Here’s the first of my blog posts on “must-read” papers. I hope others will find these papers interesting and useful.
Luria, S. E., and Delbrück, M. 1943. Mutations of bacteria from virus sensitivity to virus resistance. Genetics 28, 491–511.
[I’ve cobbled this post together by borrowing from a couple of previous writings where I explained why the Luria and Delbrück’s experiment is my all-time favorite. One of these earlier pieces was a Q & A in Current Biology (2003); the other was an essay that appeared in Microbe (2011) and then in the book Microbes and Evolution: The World That Darwin Never Saw (2012). I’ve also tweaked the text and added some bits to make things flow.]

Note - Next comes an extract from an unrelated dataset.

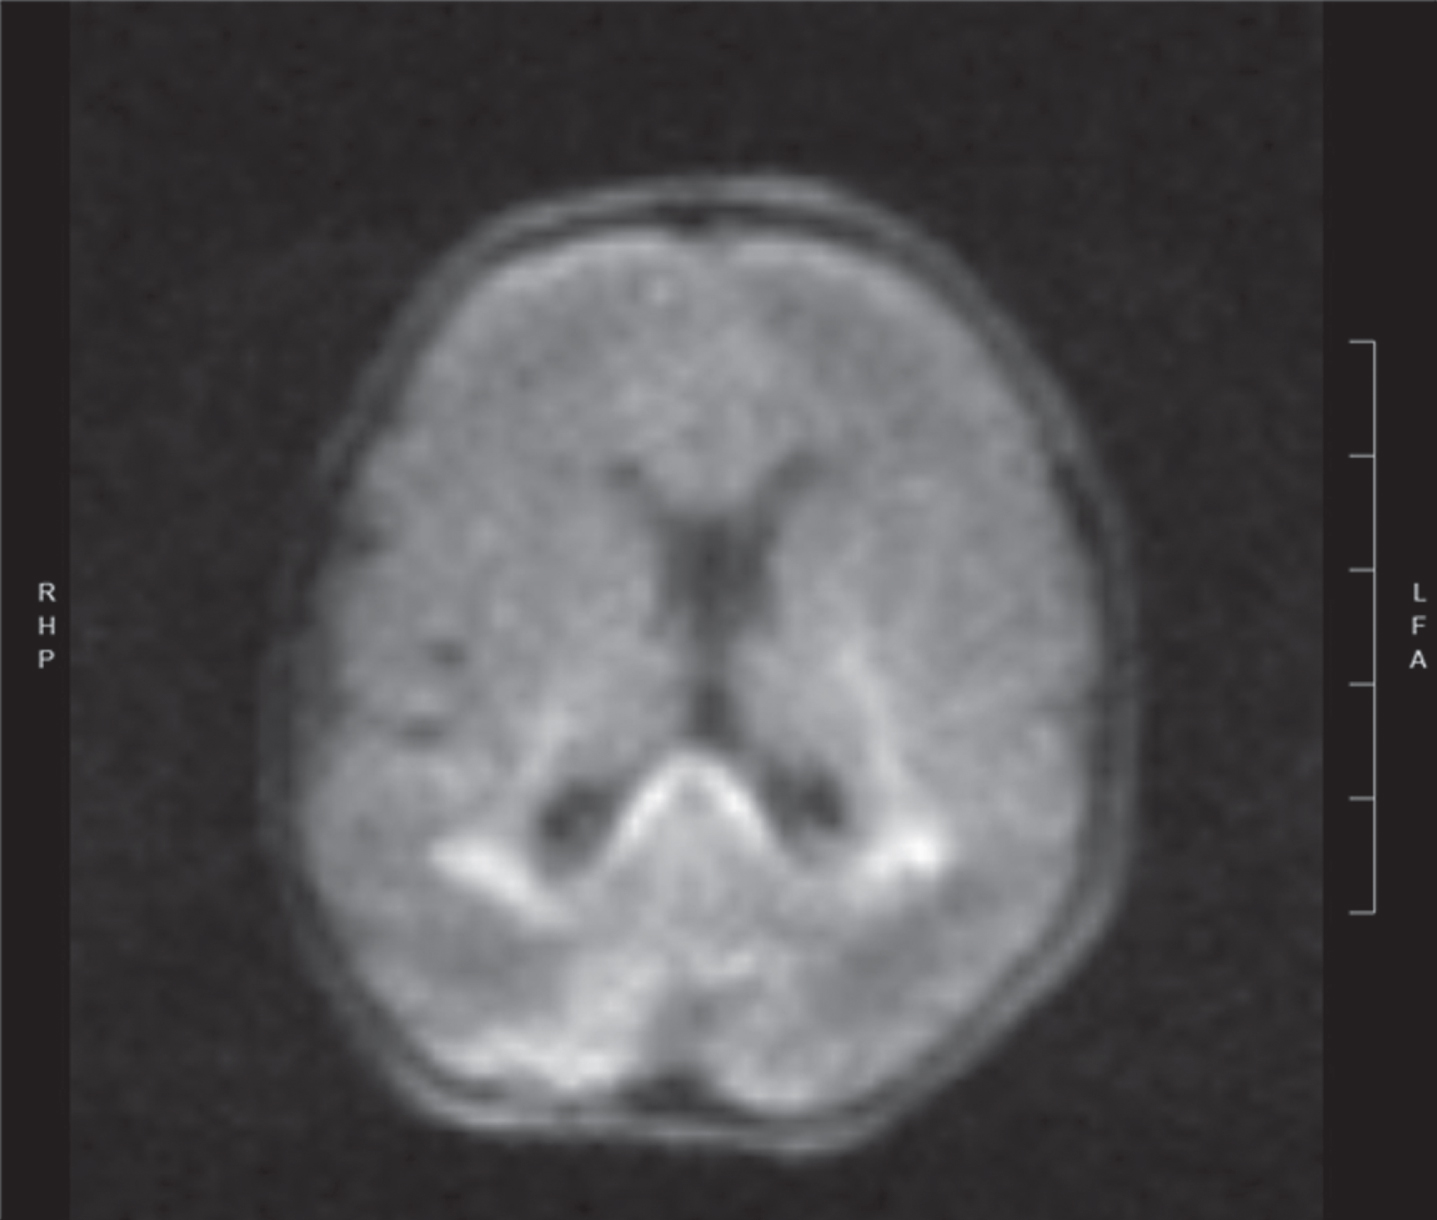 Diffusion weighted image of same newborn at day 3 of life showing areas of acute white matter injury with restricted diffusion

Short summary: An elegant experiment — sometimes called the “fluctuation test” — by Salvador Luria and Max Delbrück showed that new mutations that made bacteria resistant to phage (viruses that infect bacteria) arose before the bacteria were exposed to the phage. This paper removed the specter of Lamarckian inheritance from microbiology, and it set the stage for the tremendous advances in microbial genetics and molecular biology that took place over the next several decades. Theirs was a beautifully simple, yet subtle, experiment on a fundamental concept.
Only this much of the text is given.